# TO DO
Apart from the images, the entire listing below must be restated word for word.

# GIVEN INFORMATION
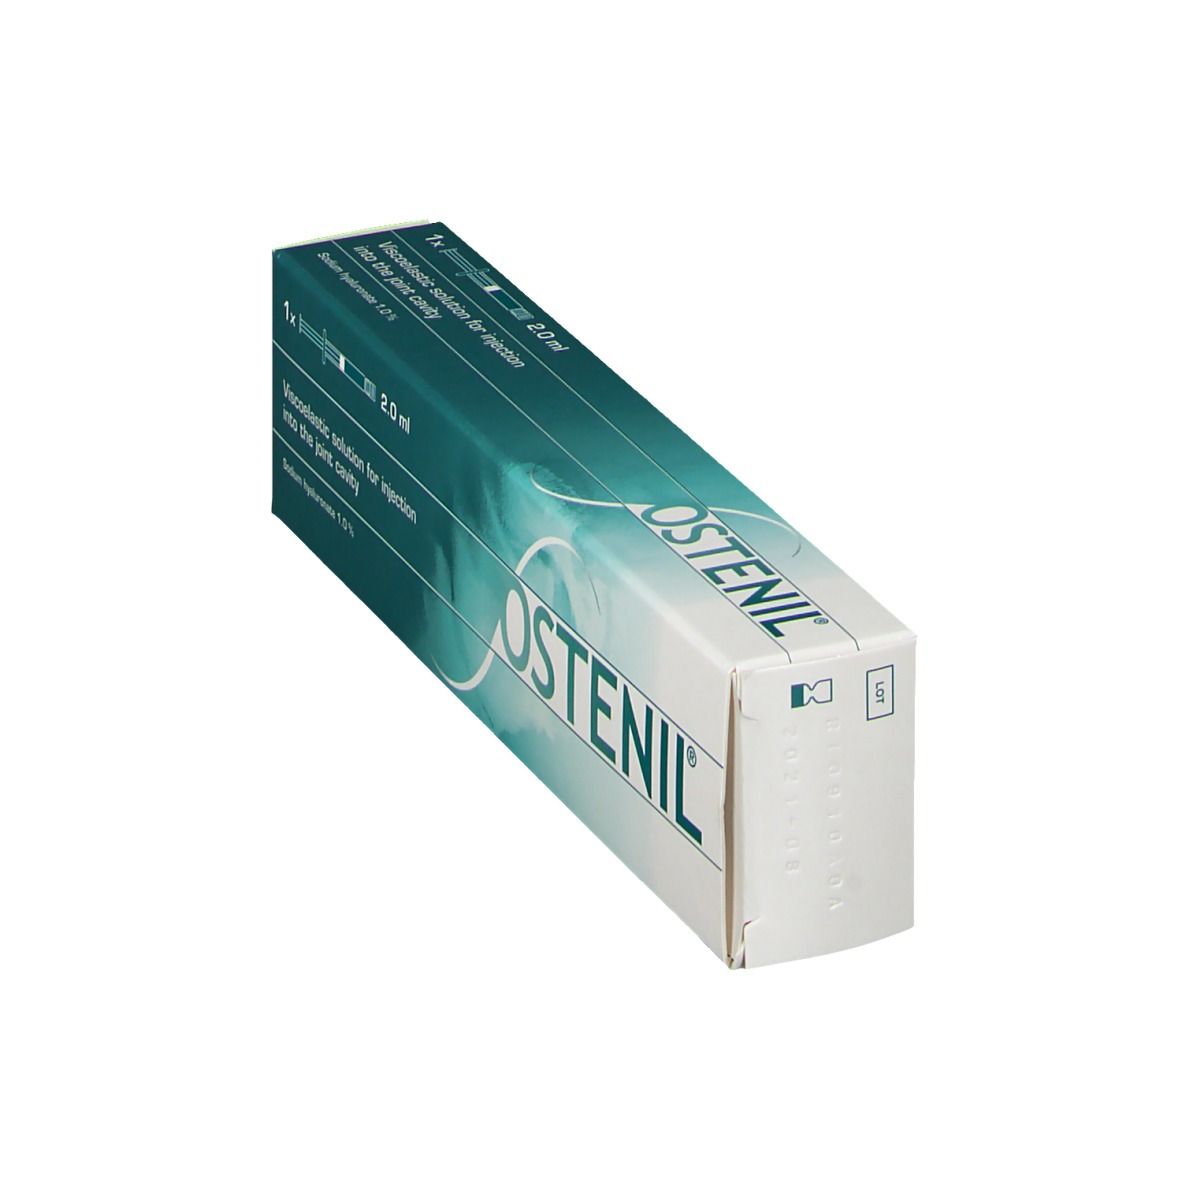 Ostenil Injection 20 mg / 2 ml
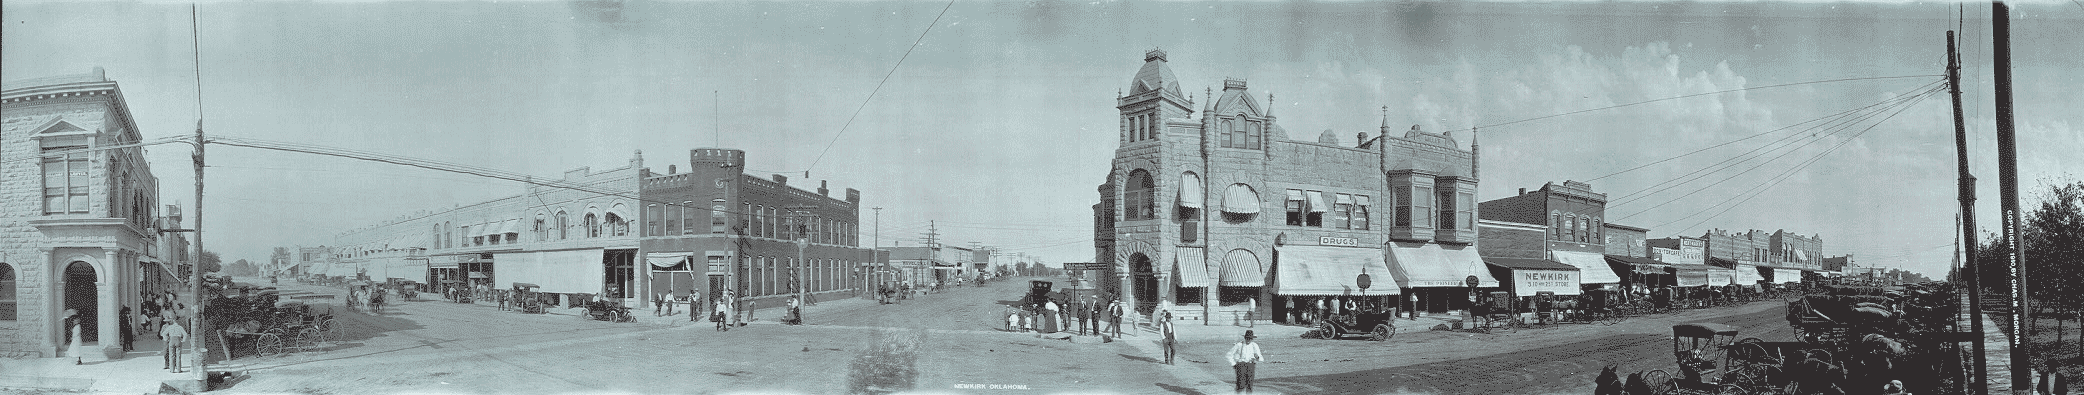 Newkirk circa 1910
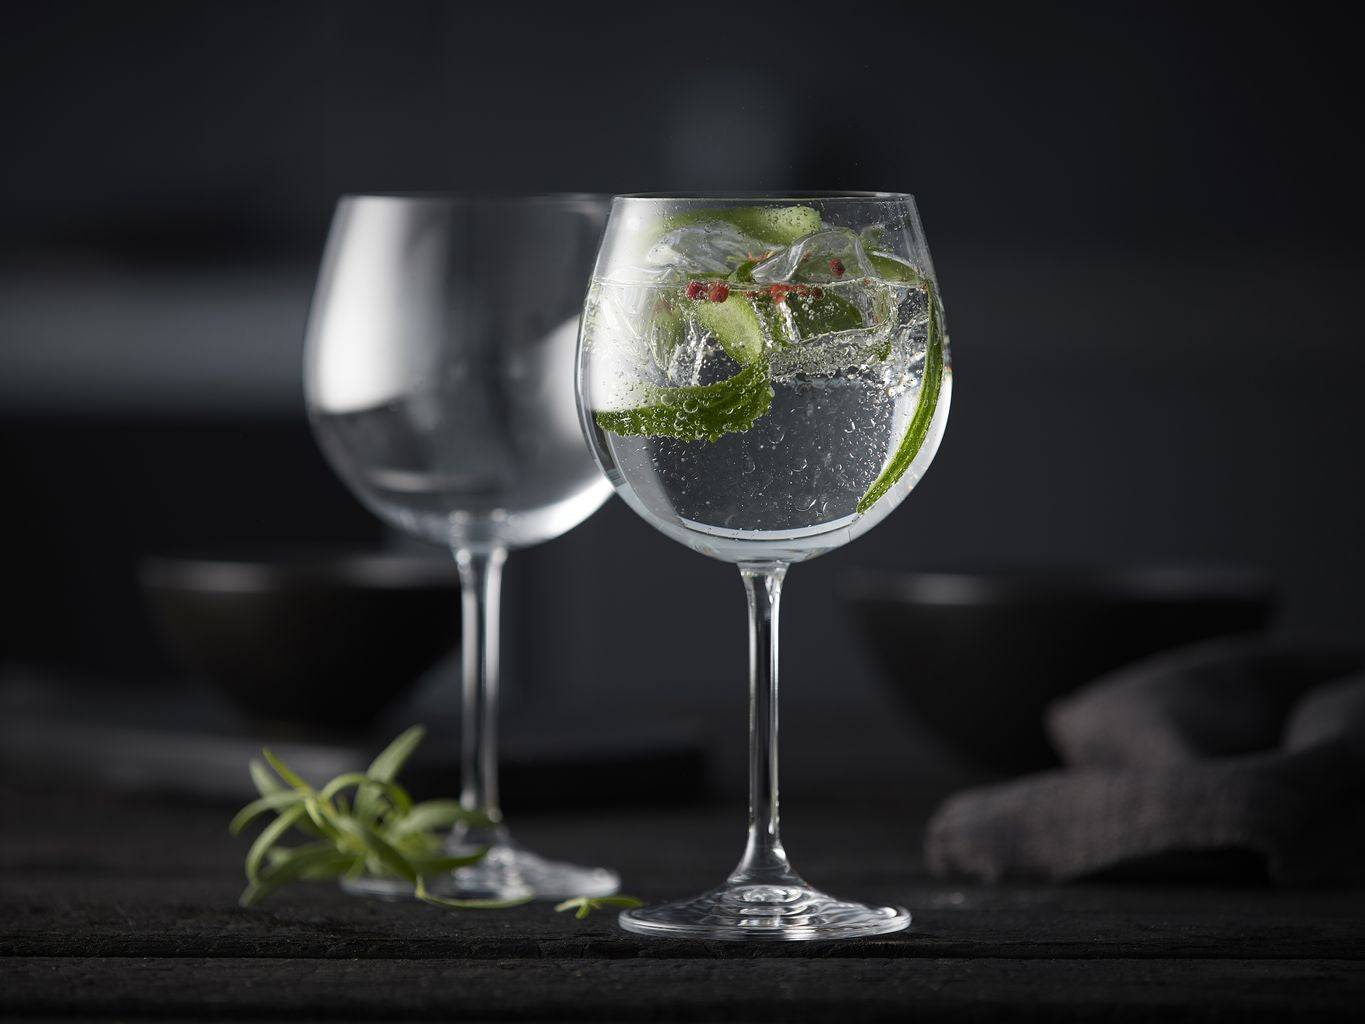 Lyngby Glas Juvel Gin & Tonic Glass 57 Cl, 4 Pcs.
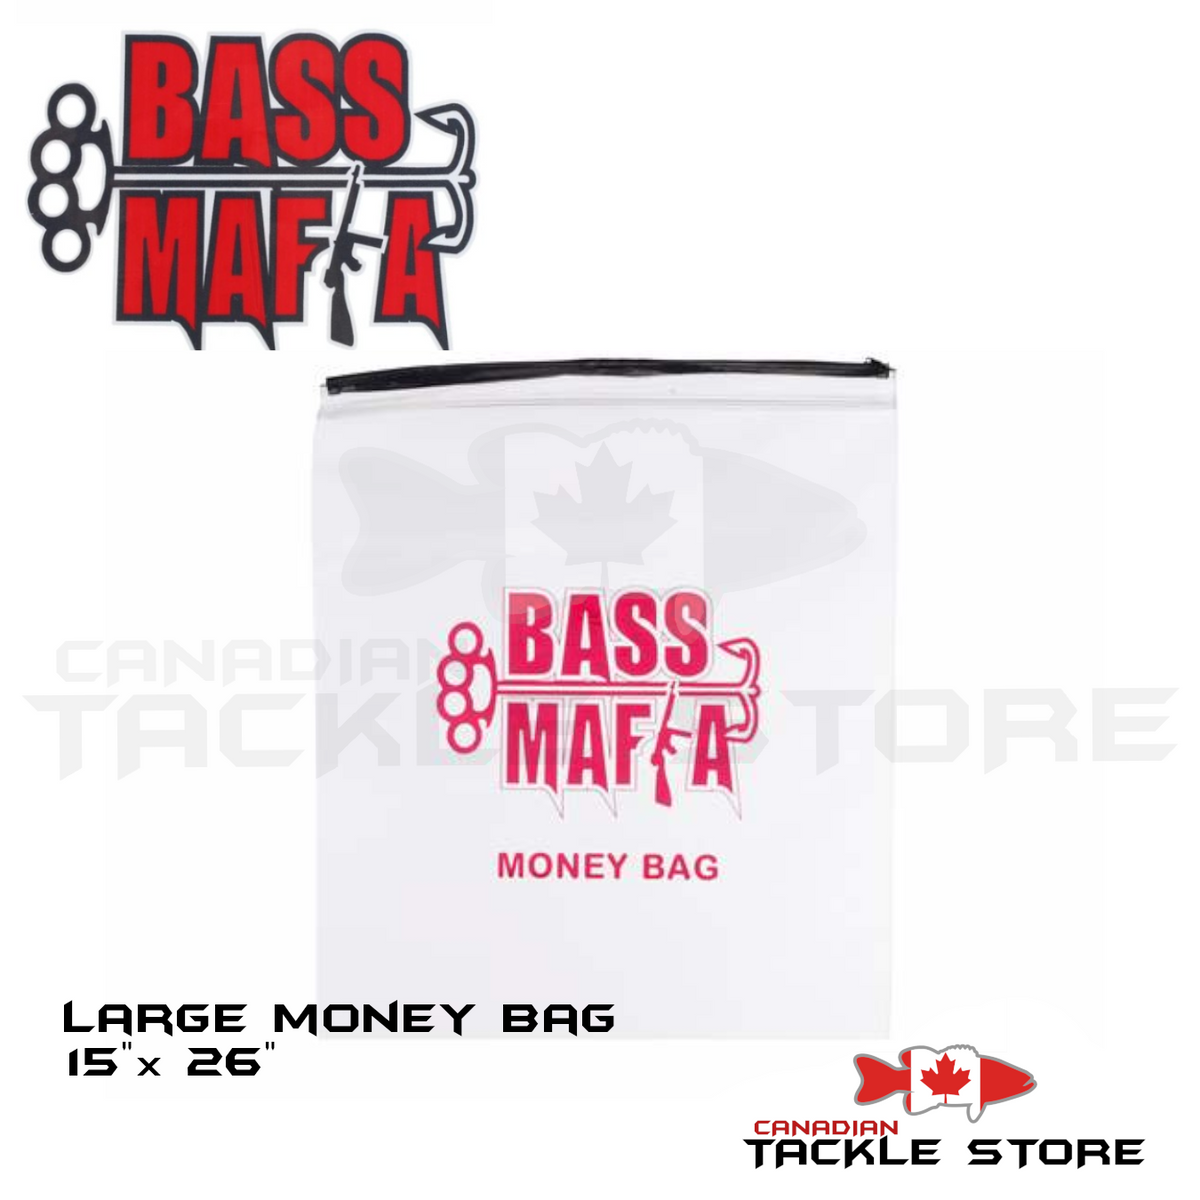 3 bass mafia mallard money tackle storage bags boating fishing heavy duty  13x16

# RESULT
 Ostenil Injection 20 mg / 2 ml
 Newkirk circa 1910
 Lyngby Glas Juvel Gin & Tonic Glass 57 Cl, 4 Pcs.
 3 bass mafia mallard money tackle storage bags boating fishing heavy duty  13x16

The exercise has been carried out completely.